Section 1.  Purposes.
- ---------------------

                  The purposes of the 1995 Incentive Stock Option Plan (the
"Plan") are (a) to provide incentives to officers and other key employees of the
Corporation upon whose judgment, initiative and efforts the long-term growth and
success of the Corporation is largely dependent; (b) to assist the Corporation
in attracting and retaining key employees of proven ability; and (c) to increase
the identity of interests of such key employees with those of the Corporation's
shareholders by providing such employees options to acquire Common Shares,
without par value, of the Corporation and thereby participate in the growth and
development of the Corporation.

Section 2.  Definitions.
- ------------------------

                  (a)  "Board" means the Board of Directors of the Corporation.

                  (b) "Corporation" means KRUG International Corp.; when used in
the Plan with reference to employment, "Corporation" shall include any
Subsidiary of the Corporation.

                  (c) "Fair Market Value" means (1) if the Shares are listed on
the NASDAQ National Market, the last sale price of a Share on the National
Market on the date the value of a Share is to be determined or, if there are no
sales on such date, the mean of the bid and asked prices for Shares on the
National Market at the close of business on such date; or (2) if the Shares are
not listed on the NASDAQ National Market, the value determined by such
reasonable method as shall be approved by the Board.

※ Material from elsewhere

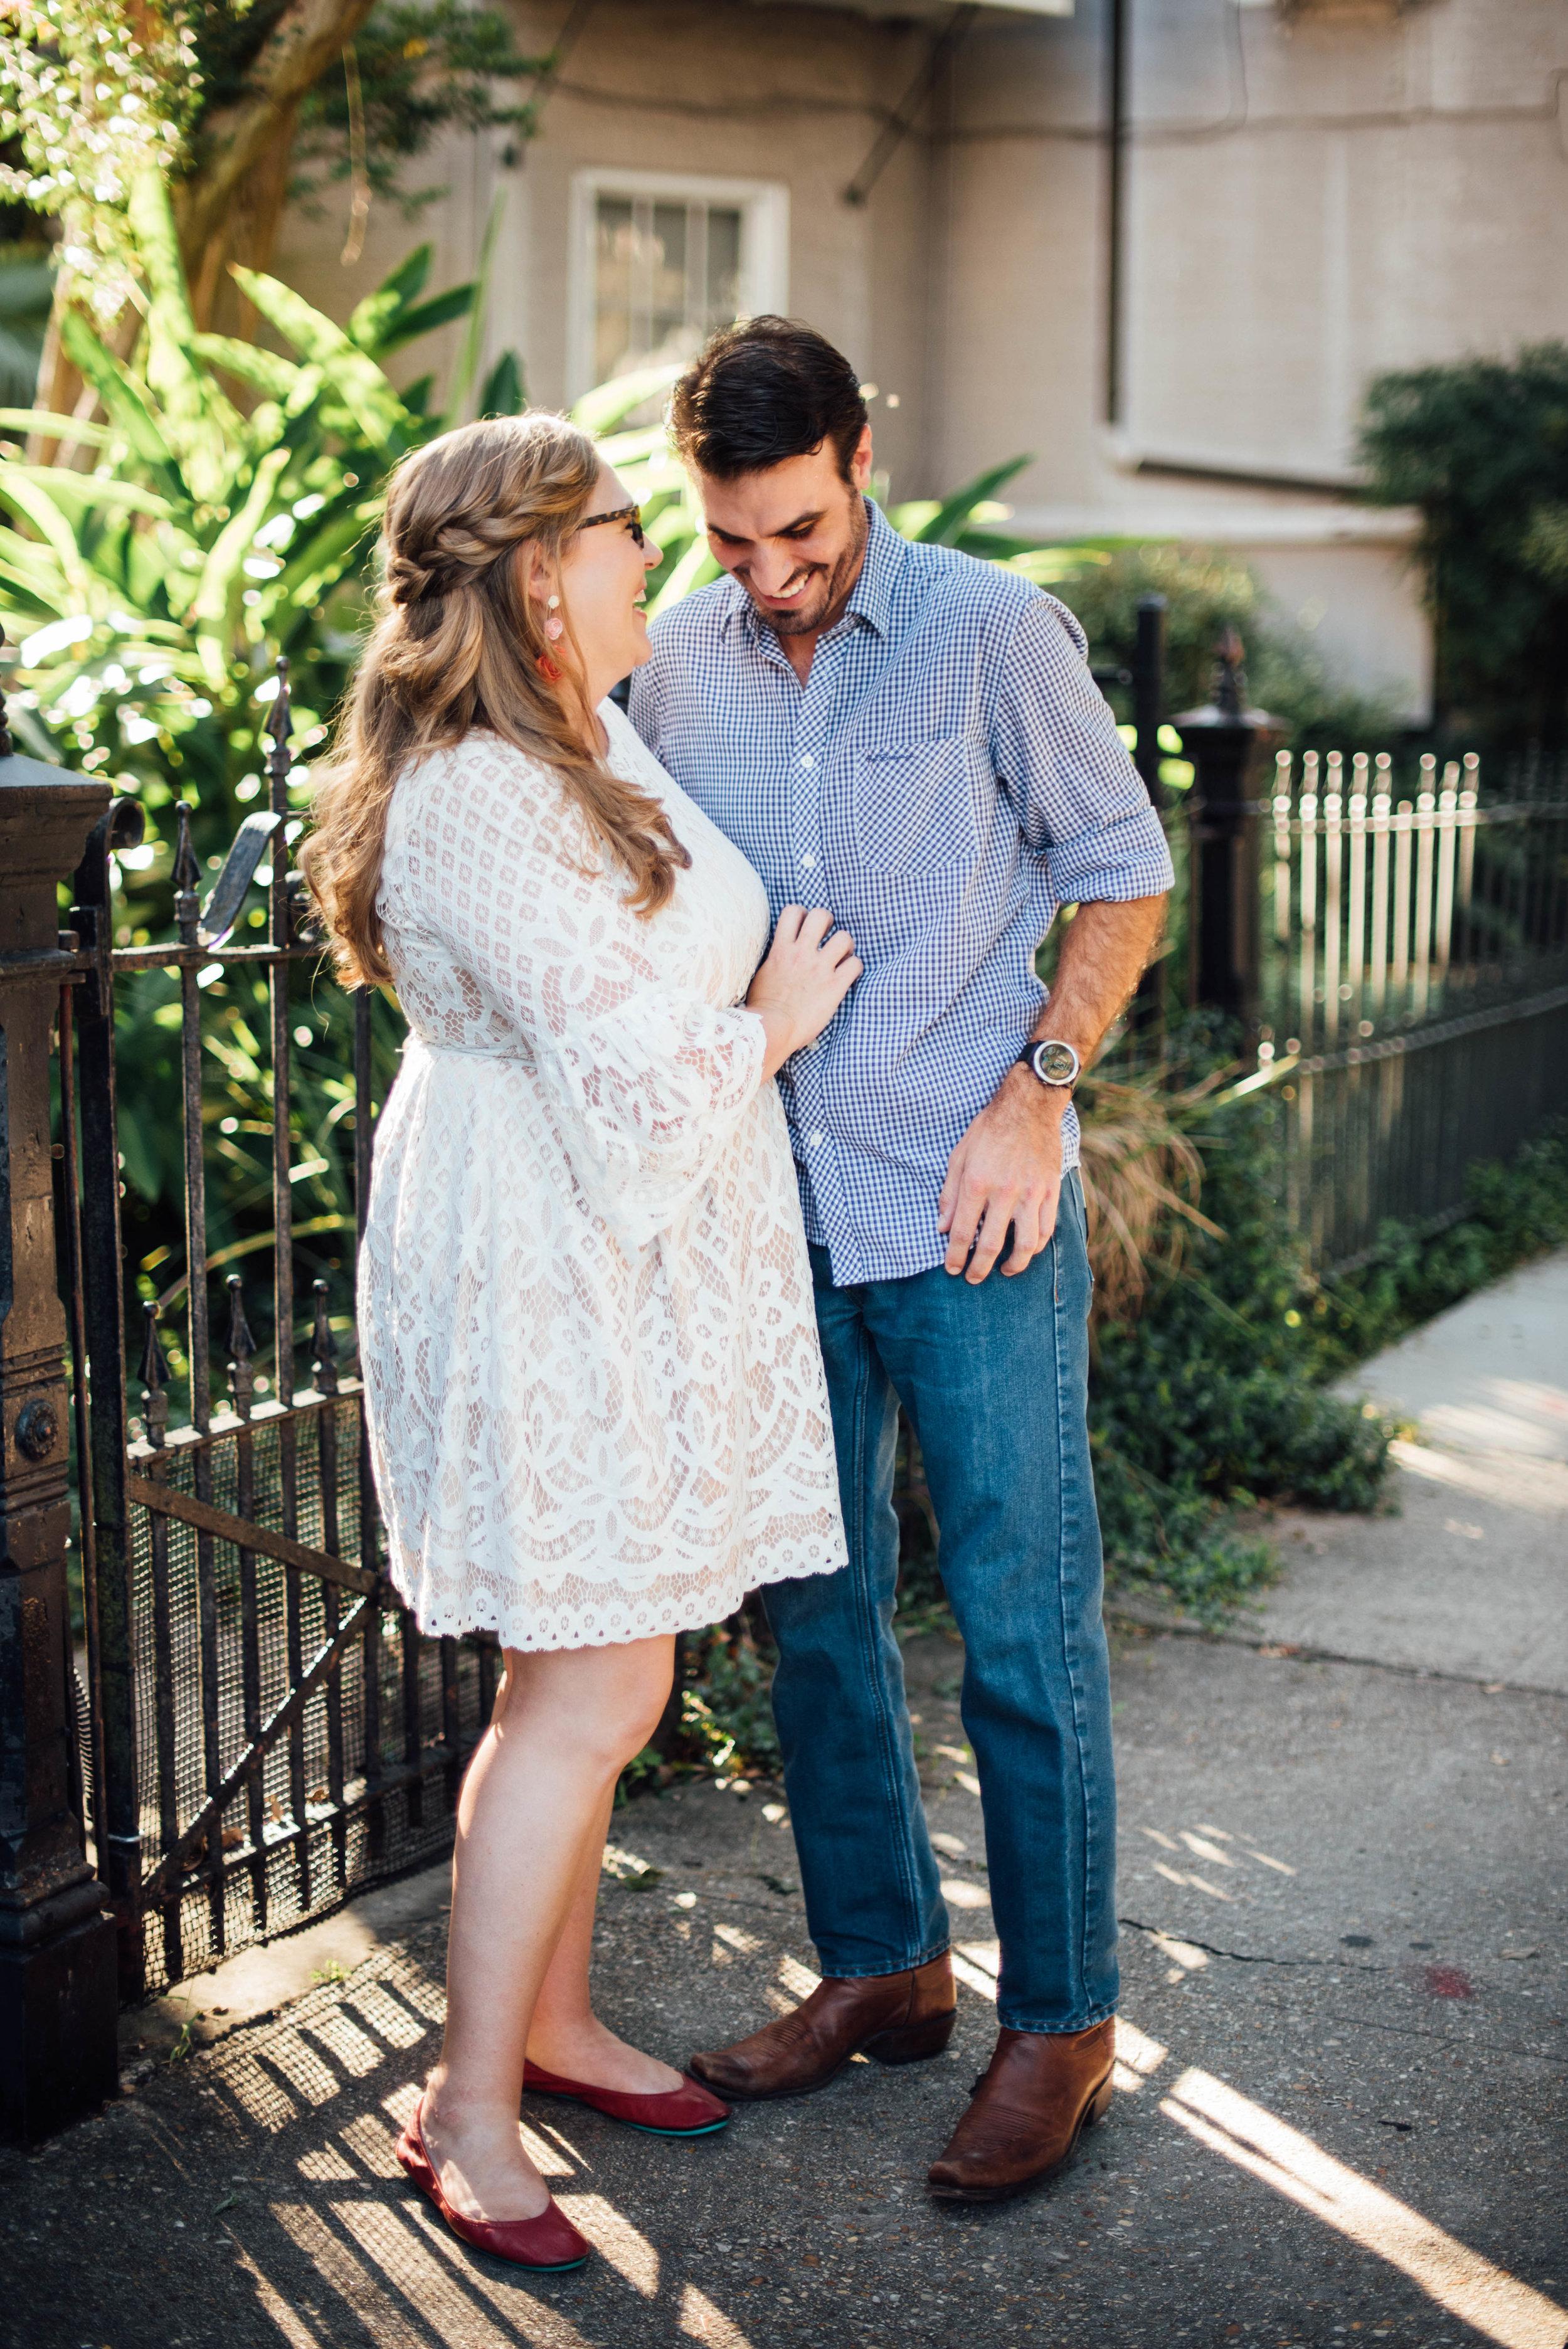 Jordan + Kent_French-Quarter-New-Orleans-City-Park-Engagement-Photos_Gabby Chapin_Print_0004.jpg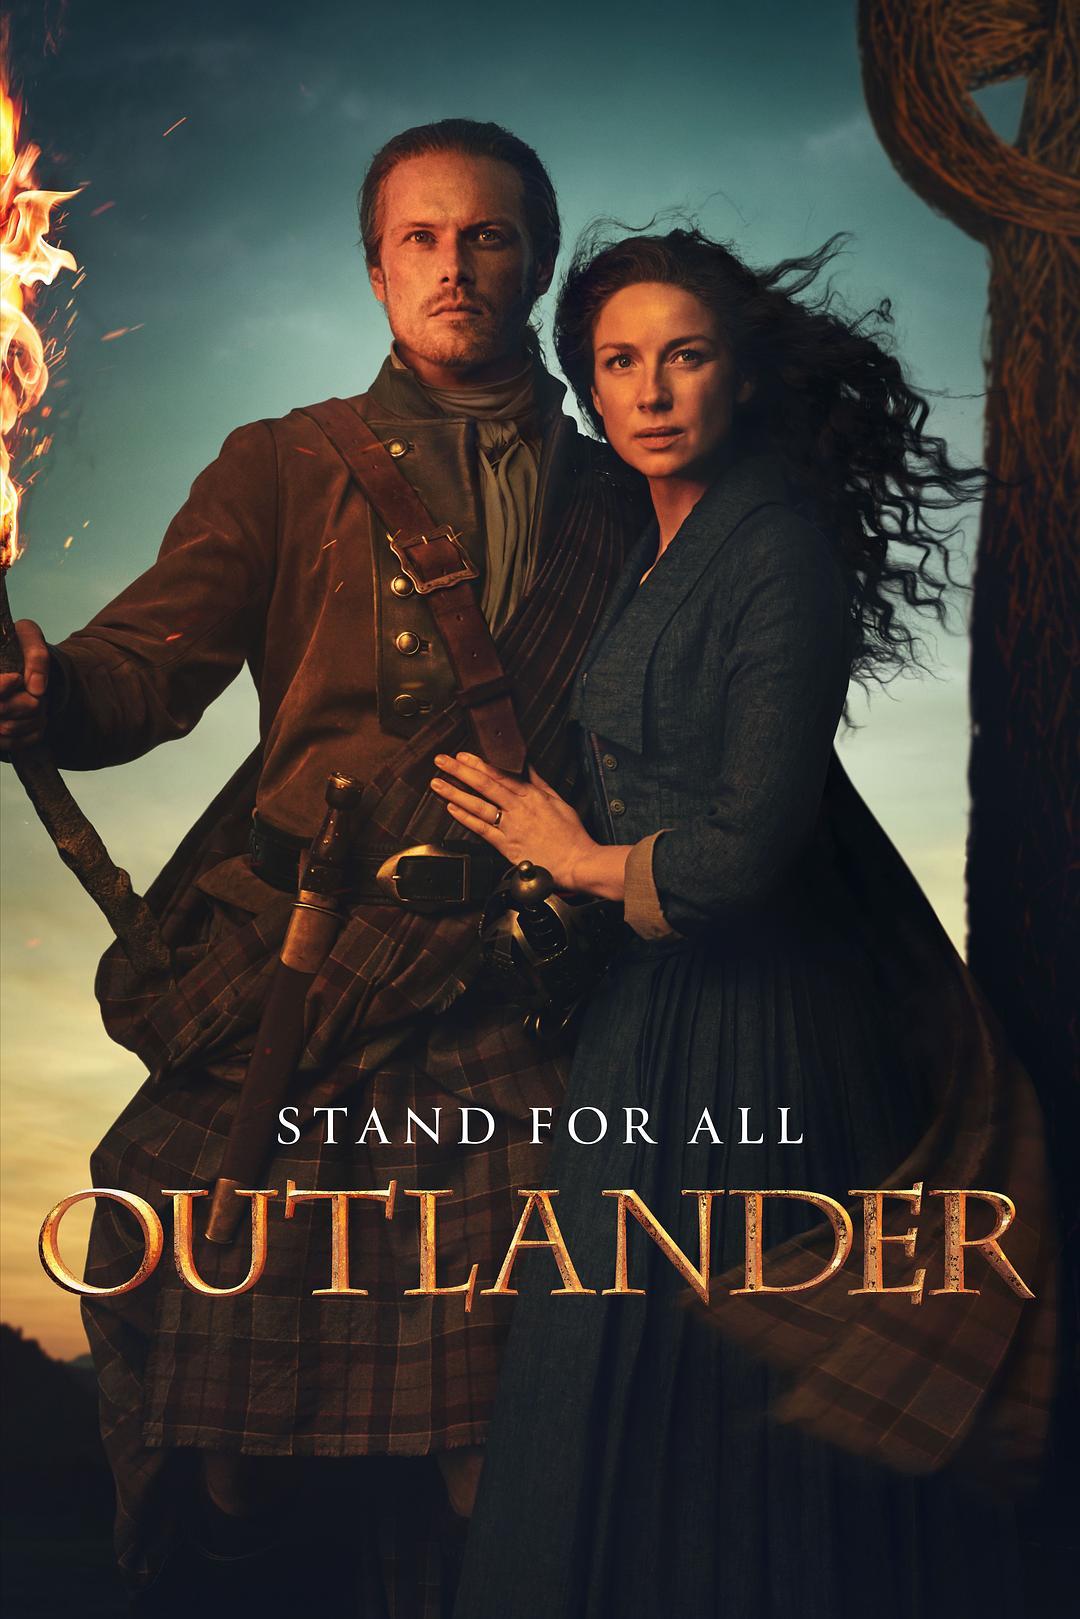 古战场传奇 第五季 Outlander Season 5

                  (d) "Incentive Stock Option" means an option granted under the
Plan which qualifies as an incentive stock option under Section 422 of the
Internal Revenue Code of 1986, as amended.

                  (e) "Rule 16b-3" means Rule 16b-3 promulgated under the
Securities Exchange Act of 1934 as the same may be amended from time to time.

                  (f)  "Share" or "Shares" means the Common Shares, without par 
value, of the Corporation.

                  (g) "Subsidiary" means any company more than 50% of the voting
stock of which is owned or controlled, directly or indirectly, by the
Corporation.

                           
                           


                                       -8-
<PAGE>   2
Section 3.  Administration.
- ---------------------------

                  (a) ADOPTION. The Plan was approved by the Board on May 19,
1995 and will become effective upon its approval by the holders of a majority of
the shares constituting a quorum and present, in person or by proxy, at the 1995
Annual Meeting of Shareholders. The Plan will terminate on May 19, 2005, and no
options may be granted under the Plan after termination.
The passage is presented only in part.